# Do tiels have a nippy stage?



## flippityjib (Dec 13, 2012)

Just lately Mica has been nippy with me. Not biting, not that at all. Where she used to just taste, now there is a little pinch to it.

I think she is trying to get my attention. She will do this when she's sitting on my shoulder while I watch TV and she will pinch/bite my neck.

I usually just shrug my shoulder to stop her. I don't want her to get negative reinforcement from anything I do. But she won't stop!

She will do this on my neck, my finger, anything in her reach. And it's not a bite, that I'm sure of. Just using too much force or something.

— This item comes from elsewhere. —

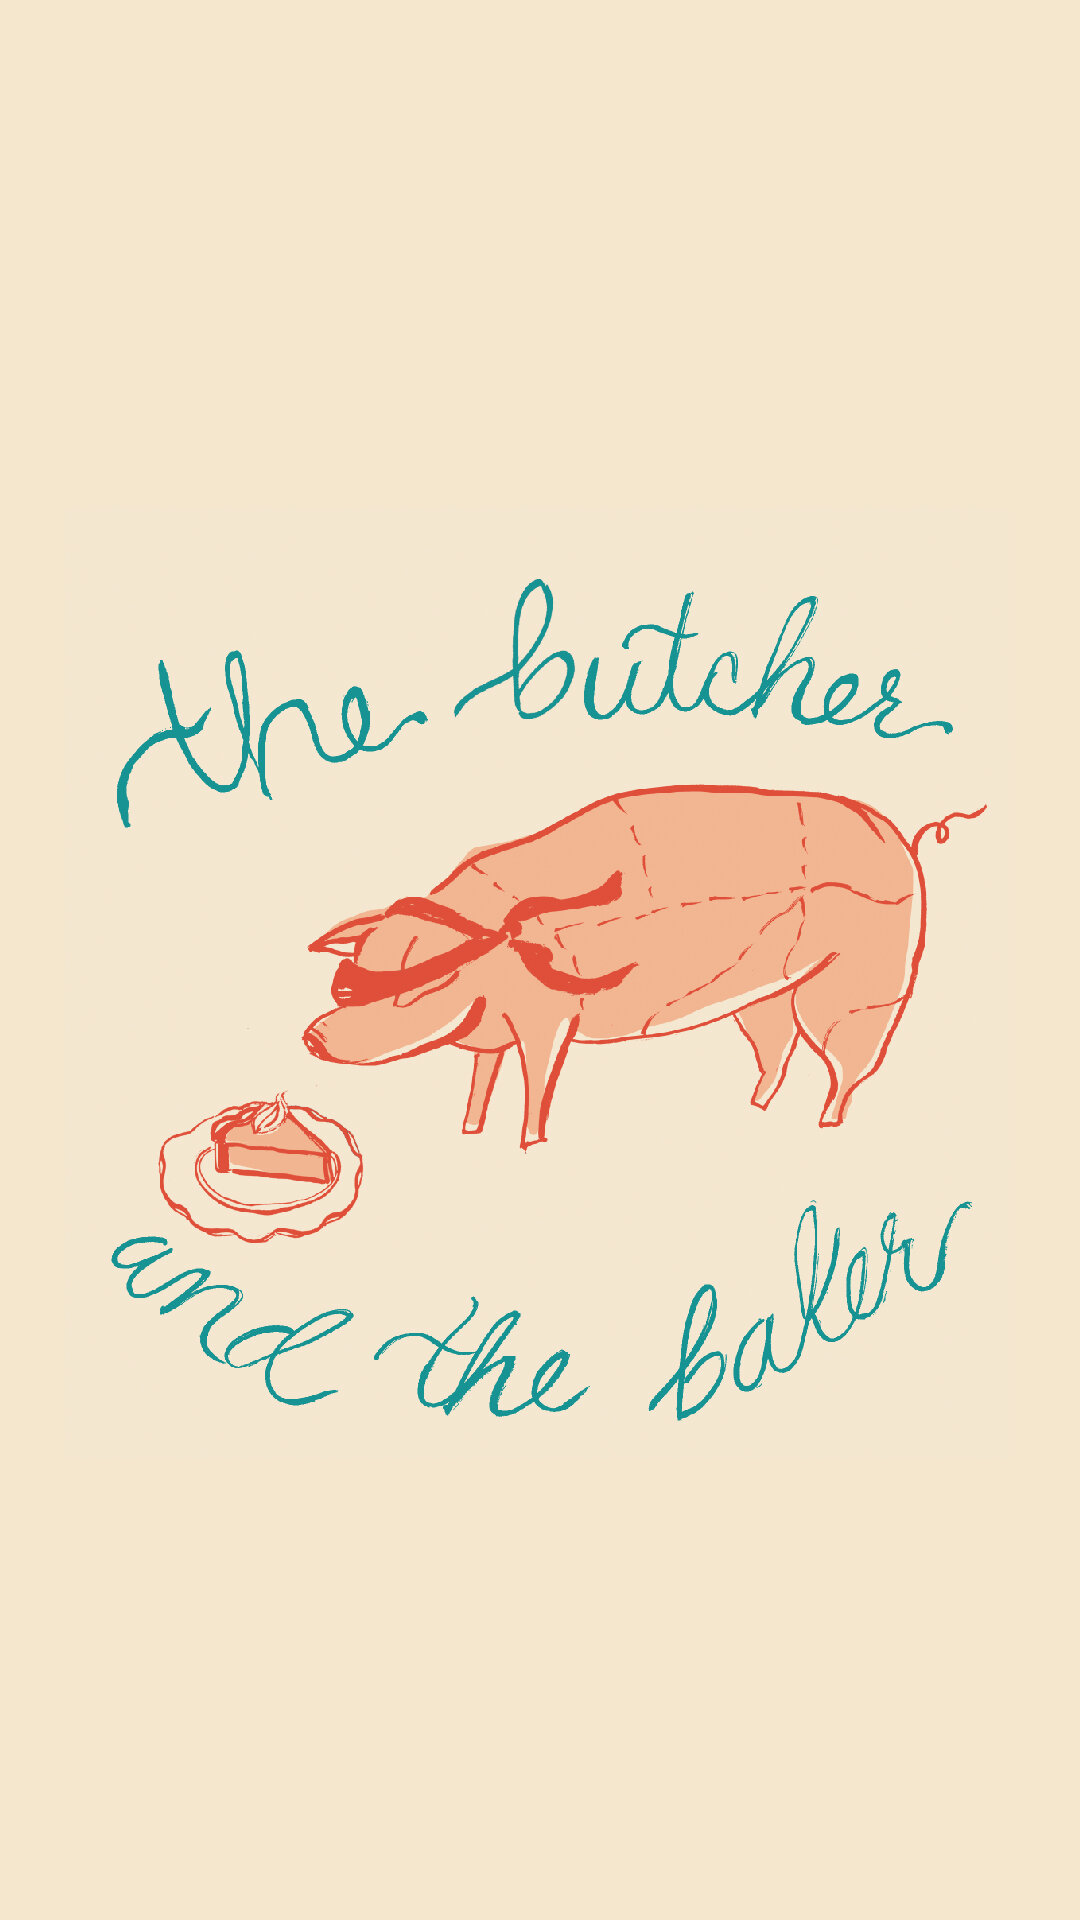 ButcherBaker-InstaS-Jan-01.jpg

Is this just a faze I should ignore...and try not to get pinched too much?


----------



## roxy culver (May 27, 2010)

Male tiels will go through a nippy stage (their hormones get high and long nights usually works to lessen the attitude). I'd try to discourage it so that she knows she's hurting you (she may not realize she's nipping that hard) and see if you can get to the bottom of why she's doing it.


----------



## BrotherTiel (Jan 12, 2013)

I'm having a similar issue with my 'tiel. He used to be so cuddly with me, but now he attacks my nose if it's anywhere near him, so we don't nuzzle. He also used to walk around on my chest and won't anymore. He recently learned to fly after his clipped wings grew back in, so is this just a phase? Will he ever be as comfortable and affectionate again? I really don't want to clip his wings, I'm so proud of him, and it's easier letting him have his independence.


----------



## flippityjib (Dec 13, 2012)

She is only 7 months old. She could be a he but she doesn't really do boy behavior like Kona does so that's why I still am thinking she is a she. 
It's not like an attack....she is tasting or checking me out but using a bit too much muscle 

Sent from my DROID RAZR using Tapatalk 2


----------



## Kiwi (May 12, 2013)

My cockatiel does the same thing. It started out with test bites, then he gradually started biting harder. He's obsessed with chewing on fingers. He also tries to pick off freckles. I can't wear my favorite shirts when I have him on my shoulder because he'll start chewing holes in them. I hope it's just a phase because he's young and it's spring. >.<


----------



## CaliTiels (Oct 18, 2012)

Yes they can bite. My best guess is it's hormones or perhaps test bites getting harder? I've never had a hen before, so I don't know much about their behavior. Have you had her sexed?


----------



## cknauf (Aug 27, 2012)

My female nips occasionally--not a bite per se as she's not trying to hurt me, but definitely harder than a nibble. Usually it's when she's frustrated that I'm not paying her enough attention, although she also does it when she's trying to preen my freckles off my face.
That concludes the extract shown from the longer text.